| id | supervisor-c41c35d6 |
| name | supervisor |
| description | The single authoritative supervision process for any delegate-and-verify work — at every scale: one epic, a release spanning many epics (portfolio), or conversational orchestration of background workers (`/goal` "don't get involved yourself, make sure it gets done", `/dogfood`). Stateless tick driven by `/loop`; cross-tick state lives in the task body. Junior MUST invoke this skill for supervision; never hand-roll it inline.
|
| triggers | ["supervise","supervisor","shepherd","coordinate epic","get these done","make sure it gets done","don't get involved yourself","delegate this and verify","supervise these agents","dogfood","ready the release","drive the release","portfolio supervision"] |
| modifies_files | true |
| needs_task | false |
| mode | iterative |
| domain | ["operations"] |
Supervisor — The Supervision Process
This skill is the framework's supervision process at every scale.
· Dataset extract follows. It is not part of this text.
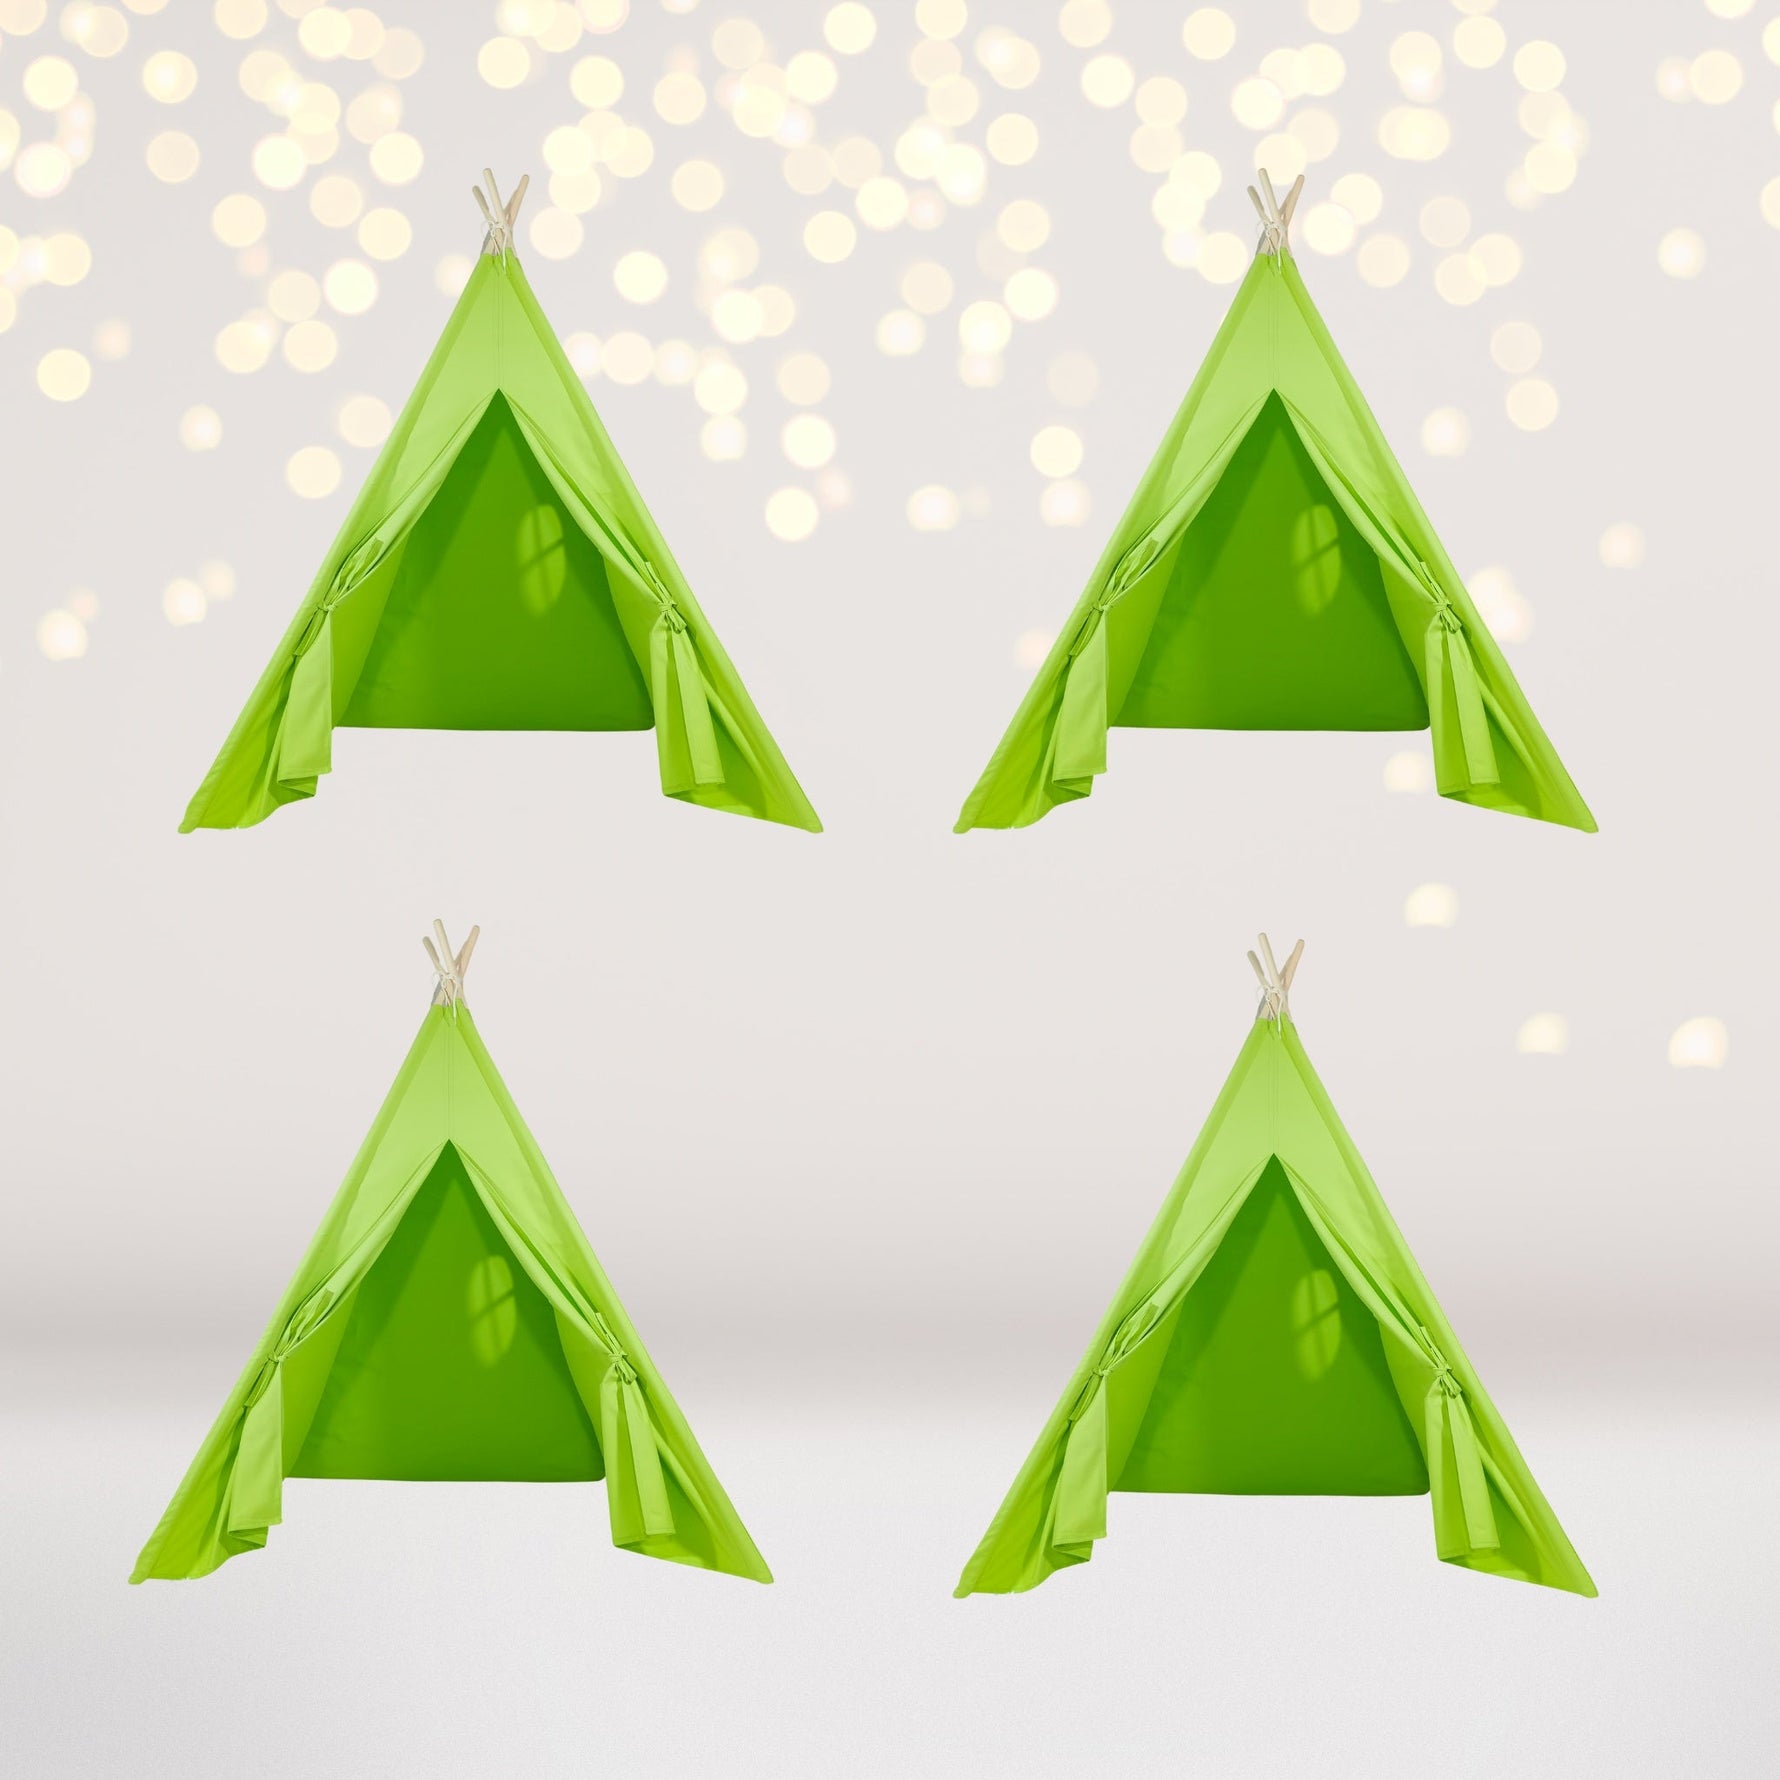 4 pack Kids Sleepover Tents-LUXE Kids Teepee Tent with Lights-Party Pack Lime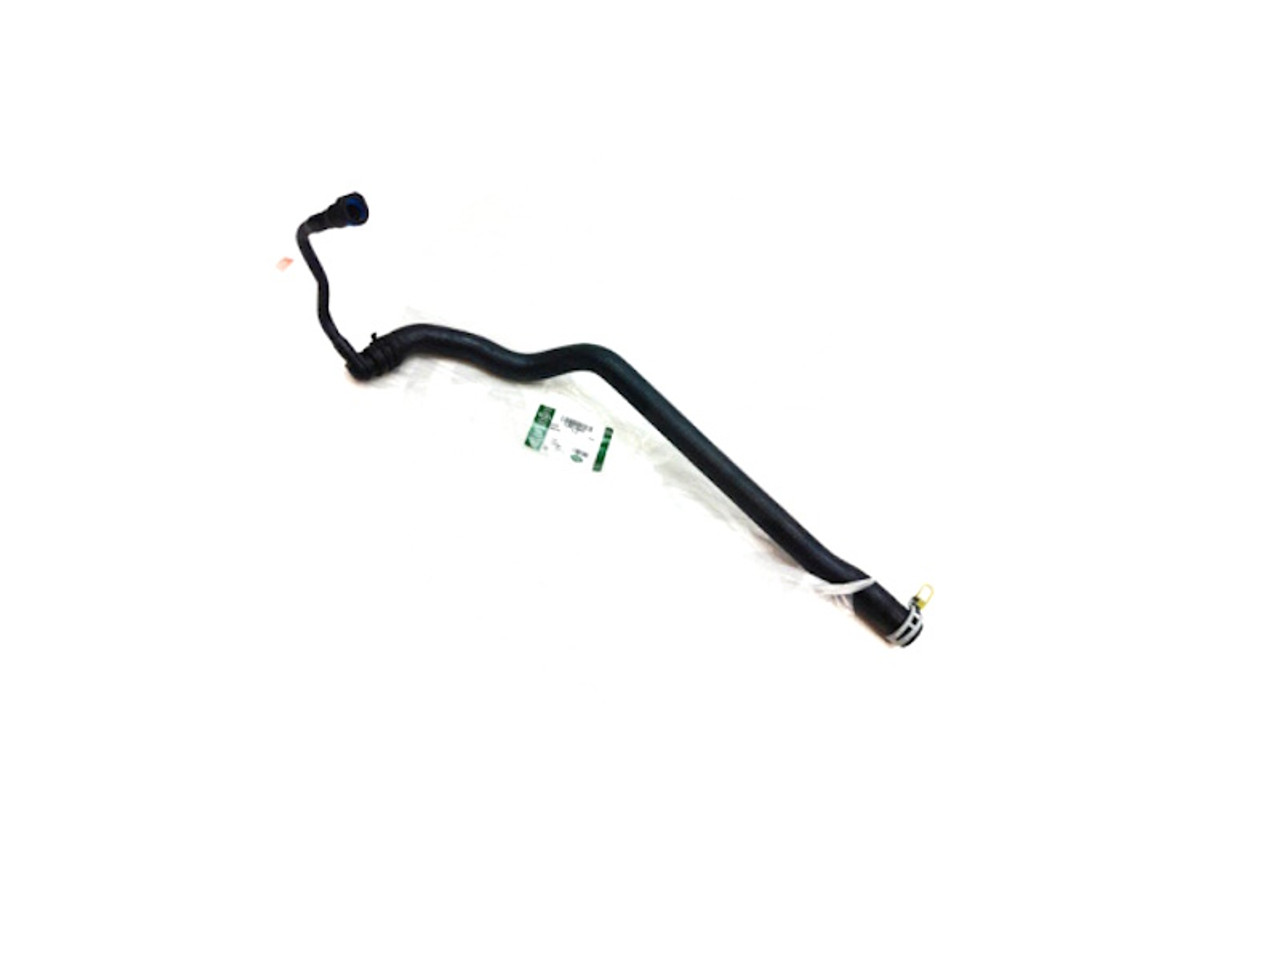 Genuine Discovery 4 and Range Rover Sport 3.0 Radiator to Fuel Cooler Hose - LR013691

The discipline below is
identical across all three contexts; only the unit of state changes: Epic (one PKB epic,
cross-tick state in the body), Portfolio/Release (many epics, state in release task body),
and Conversational orchestration (background Agent() workers, ledger still opened). There
are no deterministic halt brakes: halt, escalate, and promote by judgment on the proof
discipline below — not by row counters.
When to Invoke (mandatory)
Junior and any orchestrator MUST run supervision through this skill — never hand-rolled in
the main conversation — whenever delegating work and verifying it gets done. This includes
/goal "delegate this, don't get involved yourself, make sure it actually gets done", /dogfood
runs, and any delegate-and-verify loop over background workers. "I'm just the conversational
orchestrator" is not an exemption.
For universal dispatch rules (expand terse instructions, pre-dispatch gates, surface variants):
see [[references/dispatch-rules]] and [[instructions/worker-dispatch]].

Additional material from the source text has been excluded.